The analogy I’ve been using since about March 10, when I first started talking to our investors, is that it’s kind of like you live on an island, and there’s been a massive earthquake offshore, and there’s a tsunami coming, and you just don’t know how big it’s going to be.

I think there will be reverberation through the economy for the next year, quite honestly. I think we will hit at least 20% unemployment. At a minimum, every company right now should assume to lose 25% in revenue for 2020, and I could see it being worse than that.

I think this will be somewhat of a V-shaped recession, but the question to answer is: What will the slope look like on the second half of the V? I think the first half of the slope is going to be steeper than anything we’ve ever seen in history.

I would say that one effect of this pandemic that is pretty clear in my mind is that living in a city is going to be less desirable. Having some space and being able to commune with nature and the affordability — I think all of that is going to drive people in a pretty significant way to look for less urban locations as far as where they live. If I could short urban real estate, I would.

Have you noticed whether COVID-19 is changing the high valuations we’ve seen in private equity?

It’s been really surprising to me. It seems like other private equity firms are just bidding at this point as if nothing has changed. There’s still a lot of dry powder out there.

When the stock market is down 35%, you have to believe that there’s a correlation between the value of a private company and what’s happened in the public markets. Generally speaking, private markets move more drastically than public markets because there’s a risk premium across smaller companies.

I have to hypothesize that many buyers will change the terms of deals on sellers as a closing date nears. In 90 days, everyone will have a better idea of how bad the seller will be affected by the coming recession. Hopefully, sellers will be reasonable and will have built relationships with their buyers, so that they can renegotiate deals before close.

You’re based in Nashville.

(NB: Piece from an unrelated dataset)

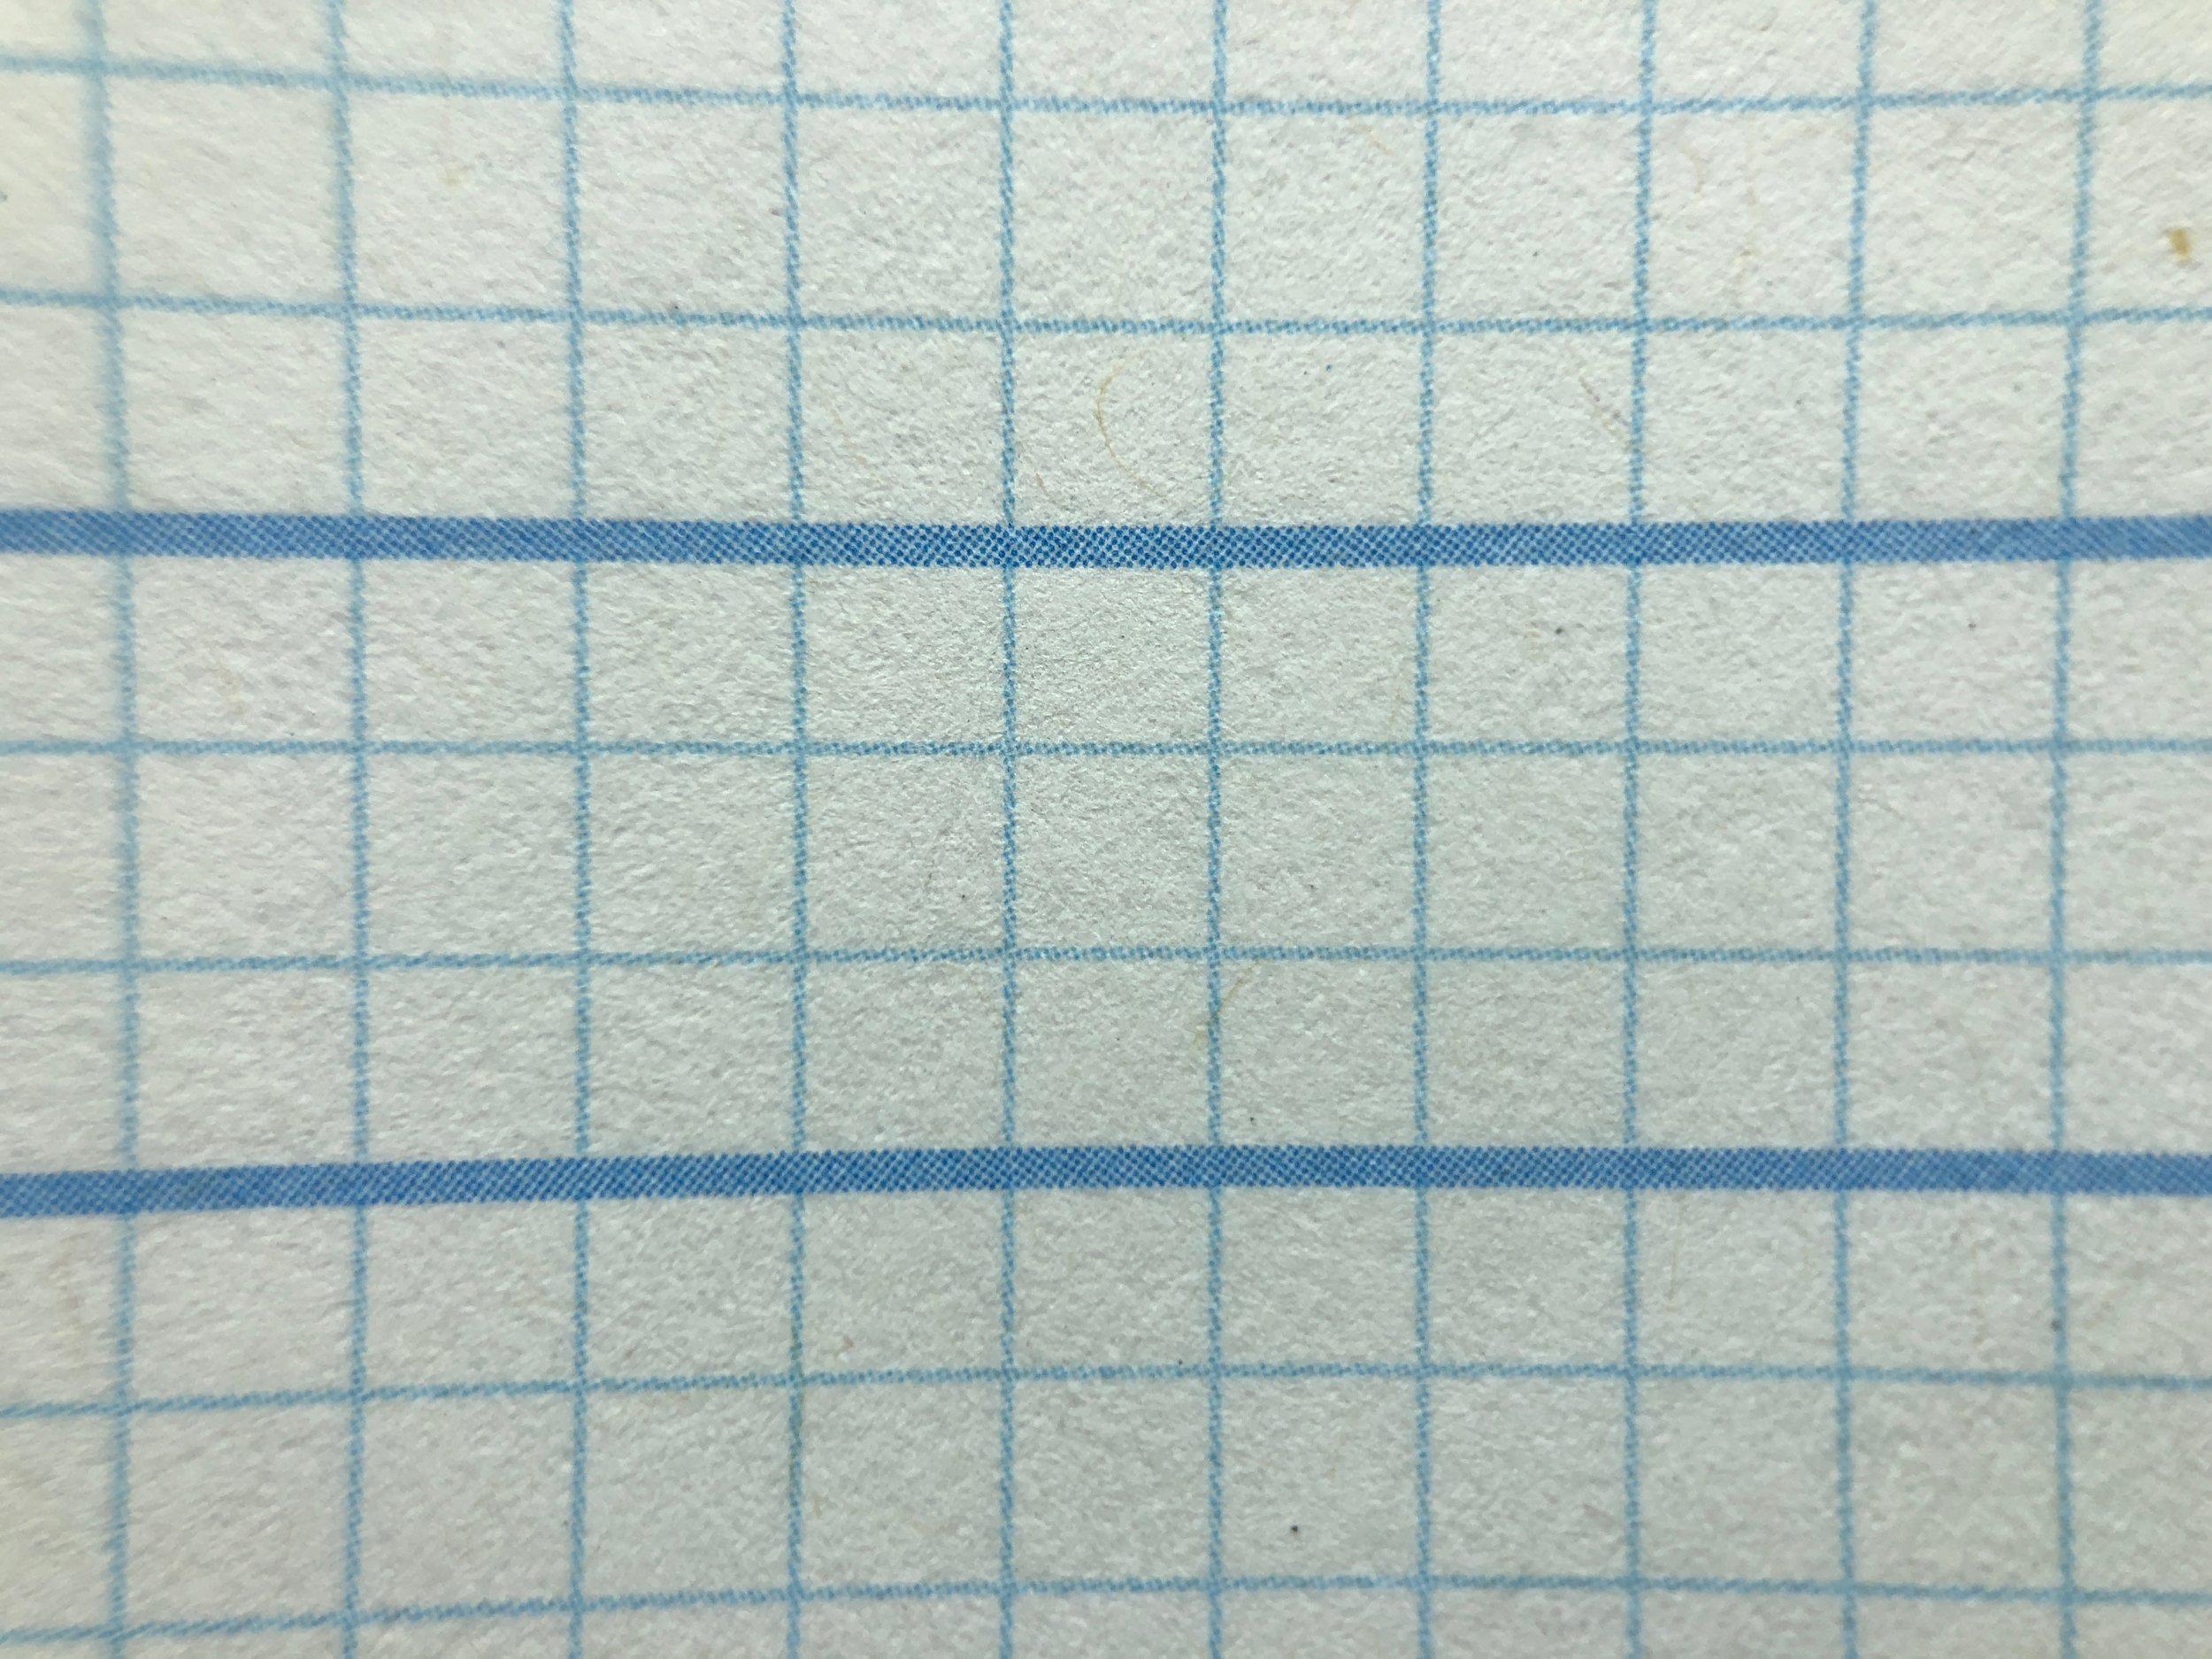 doane-paper-jotter-4.jpg

Do you think that the location of a private equity firm plays a role in what deals they choose?

I do think that how hard a location is to get to plays a little bit of a role in whether you dig into a deal or not. If the deal’s in Washington state, it’s not going to be as attractive to us as if it’s in Ohio because we’re pretty hands-on operationally. If it takes you a day to get to the location, and a day to get back, it’s just going to be a lot harder to play that role.

I think our reputation is one of really nurturing businesses and growing them organically and bringing in really strong talent and great leadership to help take a business to the next level, and all of that is really appealing as a seller thinks about their legacy.

I would say that small locations where we operate are not super attractive to people who live in big cities because of the travel component.

I think the bigger element, though, honestly, is the comfort that the seller has. Most of these sellers, they’re running a company of 150 people. That’s a very small company, but in a small town, they might be the second or third largest employer in the town. And quite honestly, they don’t have the best perception of people from New York, Chicago, or Boston. If you come into their town in a private jet, you’ve already lost.

You named your firm LFM Capital after the MIT program you attended called Leaders for Manufacturing (now called MIT Leaders for Global Operations), which allows students to earn a dual degree MBA and Master’s in engineering. Why did you make that decision?

I wanted my company to be called LFM because the program has been so meaningful to me.

It’s a very small program; there are only 48 students a year, typically. It’s very team-based, with a very intense summer semester that I would actually say was more intense than plebe year at the Naval Academy. The fact that you’re going through that experience together brings you closer.

I didn’t really speak the language of business when I came out of the Navy, and the program taught me a totally different way to solve problems using system dynamics and statistics. I emerged with a much deeper understanding of electrical engineering. I built my own silicon wafer when I was at MIT, which is pretty rare to be able to do something like that.